To begin with, Rt. Hon. George Price did not ride a white horse out of nowhere, a la St. George, to slay the British colonial dragon. Mr. Price was “made” by Bob Turton. When Mr. Turton died in 1955, Mr. Price’s patron of choice became the Roman Catholic Church. The issue of Mr. Price’s friendship with members of the Guatemalan ruling class has been discussed and debated publicly for several decades, so we will leave that be for the moment.       
  
In the 1940s, Robert Sydney Turton, Belize’s second native millionaire (after Isaiah Morter), was in a bitter business fight with the Belize Estate and Produce Company (BEC), a colonial British powerhouse, over hegemony in mahogany and chicle production and export, and also import commission activities. George Cadle Price was Mr. Turton’s personal secretary, and Robert Sydney pushed Mr.

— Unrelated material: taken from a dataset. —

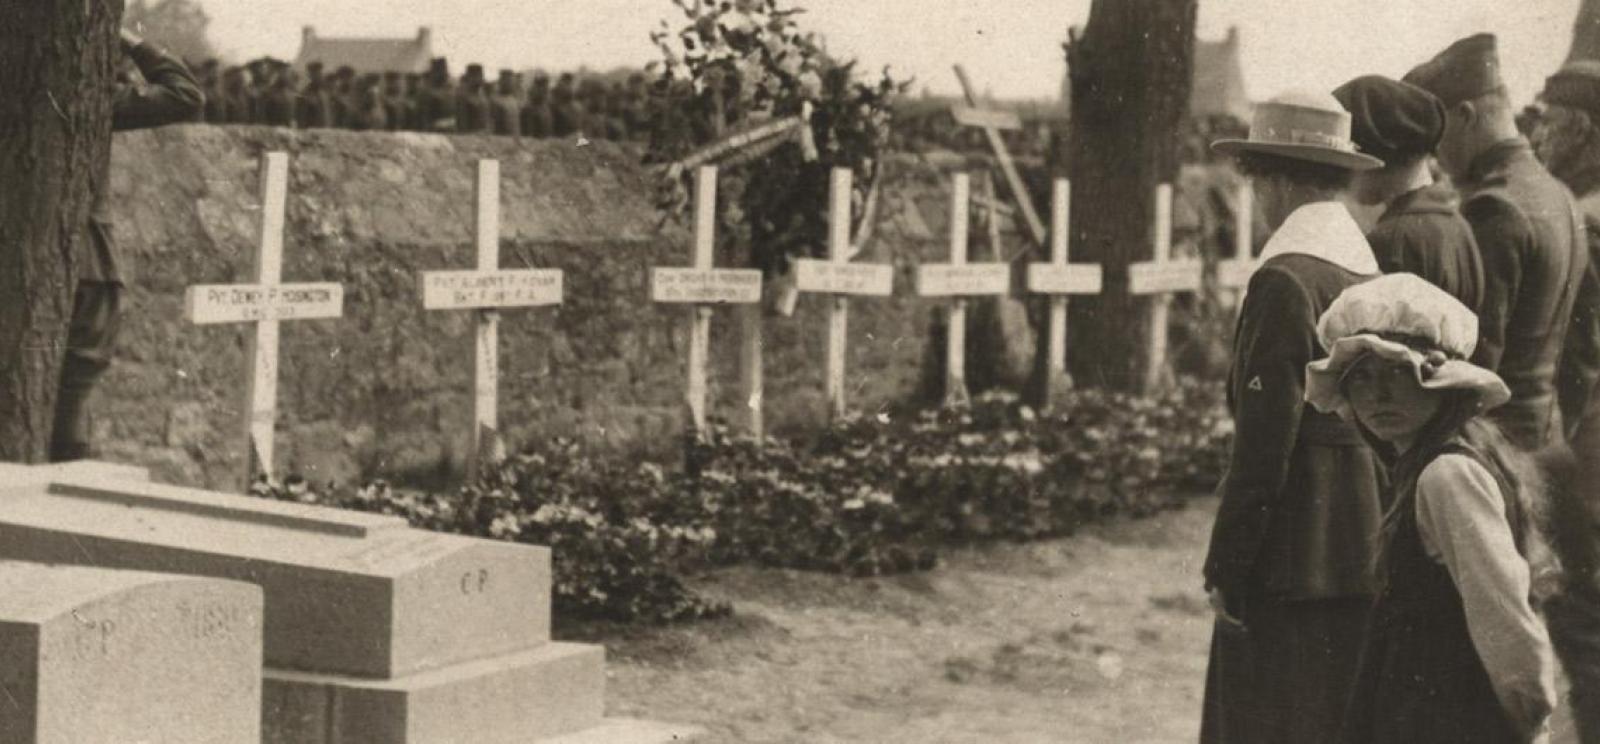 Sepia photograph of a row of people standing in front of a row of crosses. In the foreground a young girl in a large hat turns to look at the viewer.

Price into politics and sponsored him.
  
The reason the implications of the Turton vs BEC fight were national, regional and even international in scope, was because of something explained in an article we reproduced in the mid-week issue of Amandala. In a book review by Professor Jeffrey Collins published in the Thursday, December 9, 2010 issue of a leading American newspaper, Professor Collins, who is a professor of history at Queen’s University in Kingston, Ontario and currently a visiting fellow at Cambridge University, considered the book COMPANIES TO COLONIES: Merchant Kings, a recent effort by one Stephen R. Bown. (Thomas Dunne/St. Martin’s, 314 pages)
  
In discussing Robert Clive and Cecil Rhodes, Collins refers to them as “iconic figures in the annals of imperial history.” He goes on: “It is thus remarkable to remember that neither man commanded royal troops or acted as an official of the British Government.” (Acting on behalf of private companies, Clive and Rhodes killed many thousands of Indians and Africans in Bengal and Matabeleland, respectively. The Bengal and Matabeleland massacres took place in 1757 and 1893, respectively.)  
  
Collins continues: “History tends to portray the European empires as the creations of kings and nation-states. But as Stephen Bown’s ‘Merchant Kings’ reminds us, private economic interests did as much as statesmen to colonize the globe on behalf of Europe.”
  
We are saying in this editorial that in 1950 in British Honduras at the birth of the People’s Committee, there were many similarities between BEC, on the one hand, and Clive’s East India Company and Rhodes’ British South Africa Company, on the other. More than that, Belizeans would be well advised, we think, to seek out the similarities between Lord Michael Ashcroft, on the one hand, and Clive and Rhodes, on the other. In 1950, British colonialism had a business face on North Front Street and in Gallon Jug – BEC. In 2010, Belizeans have to ask themselves just what exactly does the business face of Lord Michael Ashcroft represent where Buckingham Palace and Whitehall are concerned. 
   
We are not trying to make a hero of Bob Turton. He was a businessman, which is just another way of saying “predator.” But, he was a Belizean. He got into a fight with other predator business interests, which were British in their shareholding and loyalty. And so, partly because human beings usually protect their own, in 1950 Belizeans rallied behind the PUP, which was native and therefore pro-Bob Turton.
   
Sometime during the PUP’s 1989 to 1993 term of office, Lord Michael Ashcroft, if we are to judge by his gobbling up of Belize’s most important and profitable business asset – BTL, at fire sale rates, essentially “acquired” the PUP. At the time, the Rt. Hon. George Price was only the titular Leader of the PUP. The de facto PUP leaders were Ralph Fonseca, Said Musa, and Glenn Godfrey, personal favorites of Mr. Price’s. Bob Turton must have turned in his grave.
   
It has gotten worse. The present Leader of the Opposition People’s United Party has been a serious business partner of Lord Ashcroft’s for several years. It is not a partnership Mr. Briceño has given any indications of abandoning. Yet, Mr. Briceño aspires to leadership of the nation-state of Belize. It must be that he believes that there is no conflict of interests between being Lord Ashcroft’s partner and being Leader of Belize. We think that most Belizeans think otherwise, but that is what elections are about, you know. The proof of the pudding, as they say, is in the eating.